[[ Entries supplied open ]]

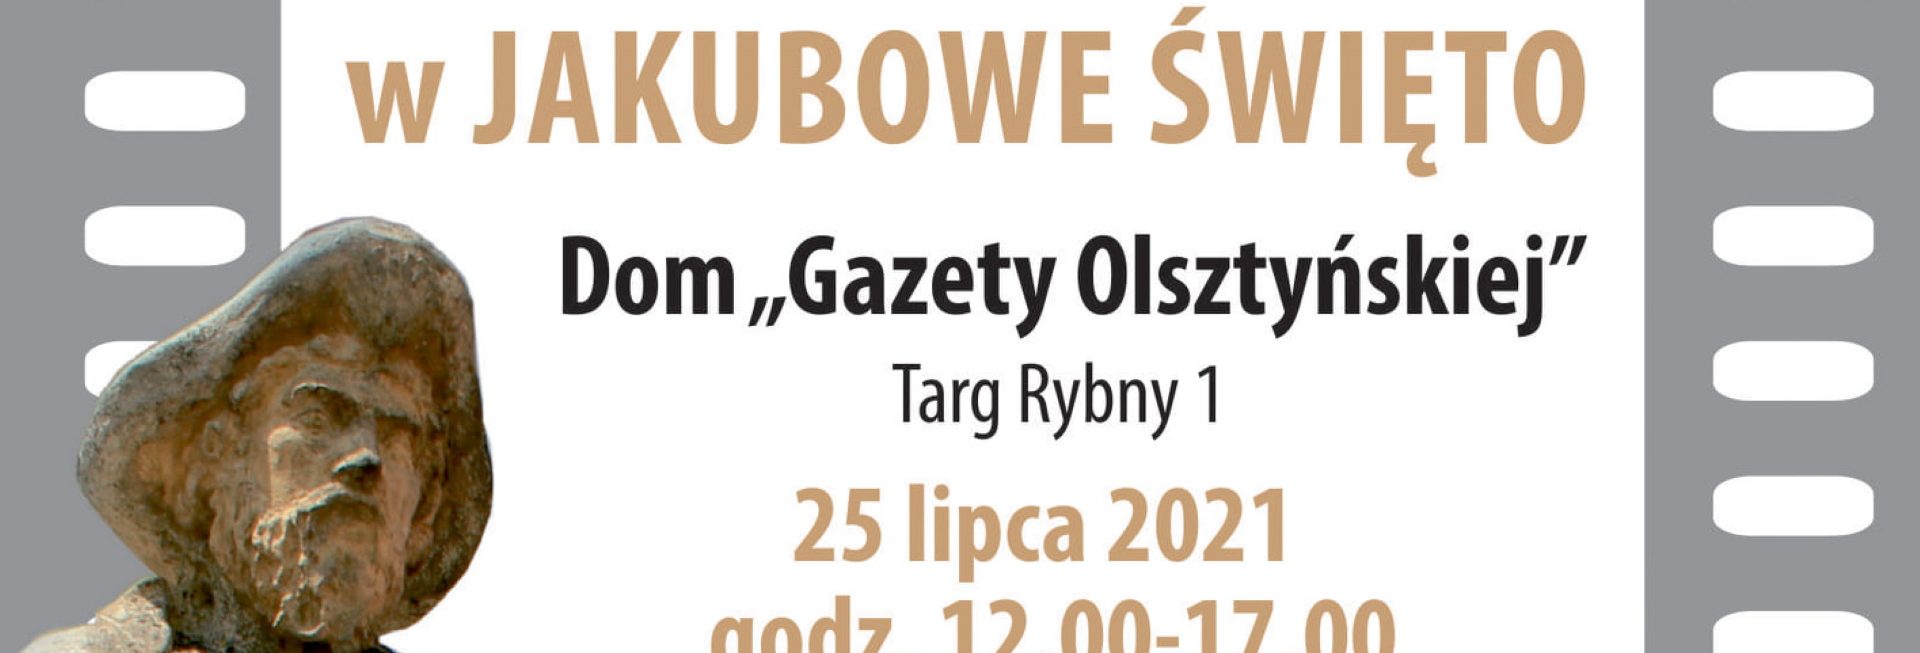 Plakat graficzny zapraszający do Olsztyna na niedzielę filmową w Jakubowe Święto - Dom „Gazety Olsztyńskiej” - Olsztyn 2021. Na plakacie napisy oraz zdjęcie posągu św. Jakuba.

[[ Entries supplied closed ]]
[[ Entries supplied open ]]

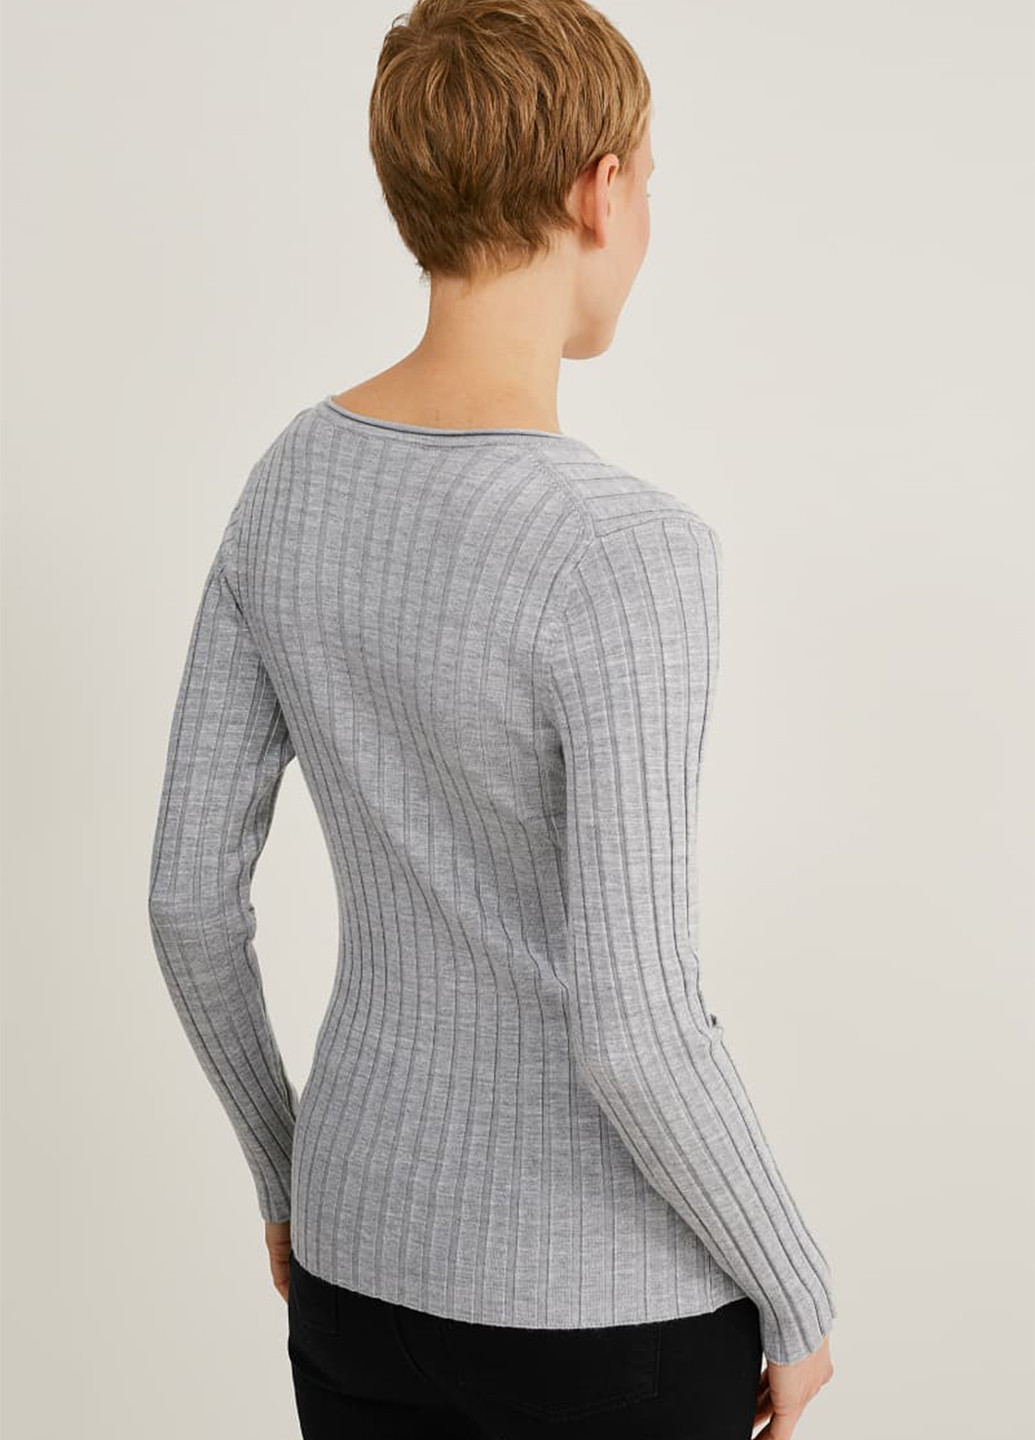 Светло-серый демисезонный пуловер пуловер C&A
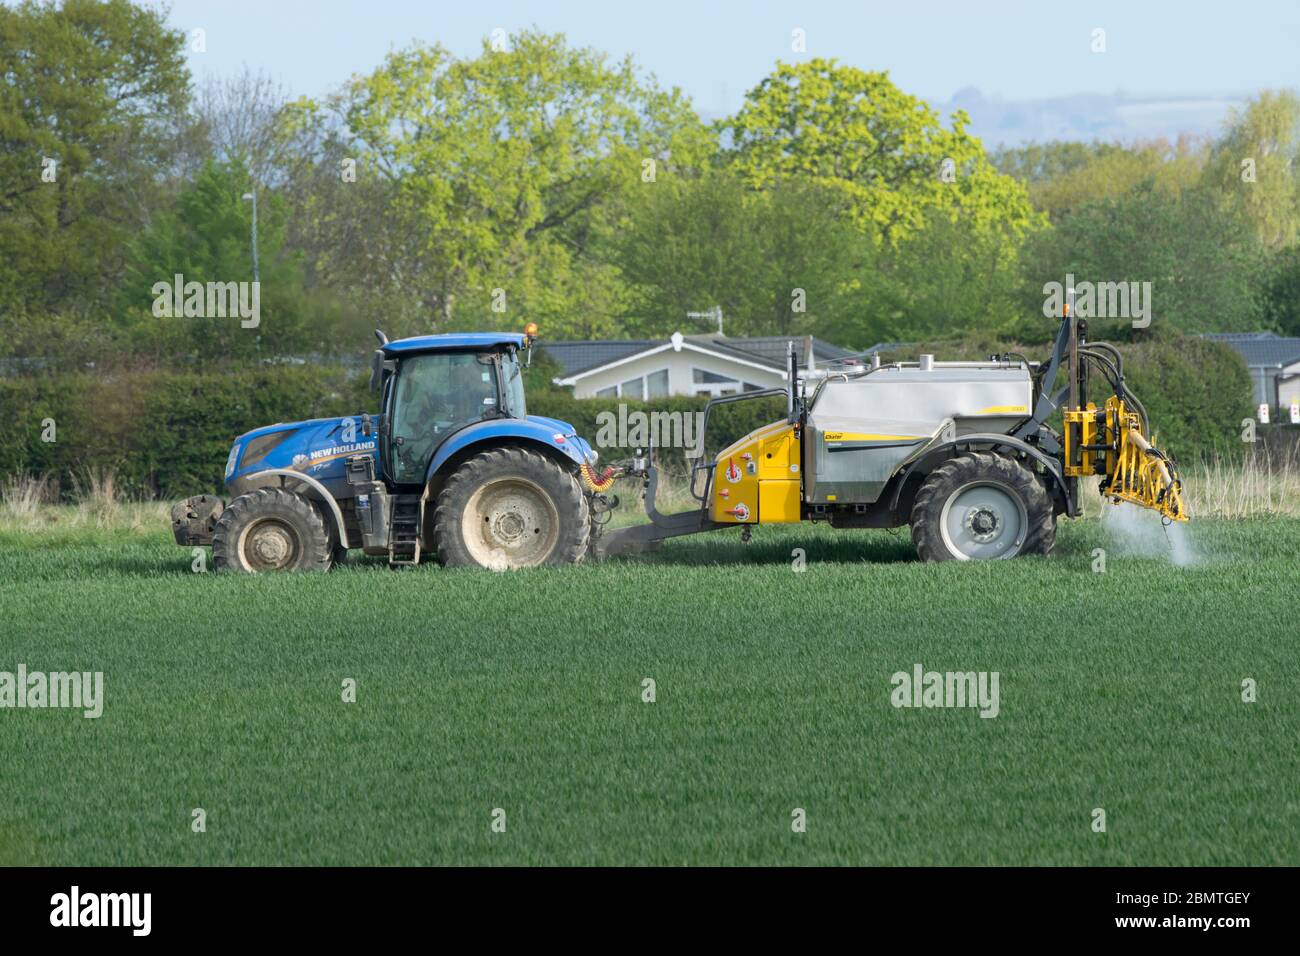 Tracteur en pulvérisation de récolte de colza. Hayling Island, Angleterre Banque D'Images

[[ Entries supplied closed ]]

What is being asked -> When copying from the data above, print only the lines from the line containing "Светло-серый демисезонный пуловер" to the line containing "Tracteur en pulvérisation", exactly, and leave the pictures out.

Exercise solution ->
 Светло-серый демисезонный пуловер пуловер C&A
 Tracteur en pulvérisation de récolte de colza. Hayling Island, Angleterre Banque D'Images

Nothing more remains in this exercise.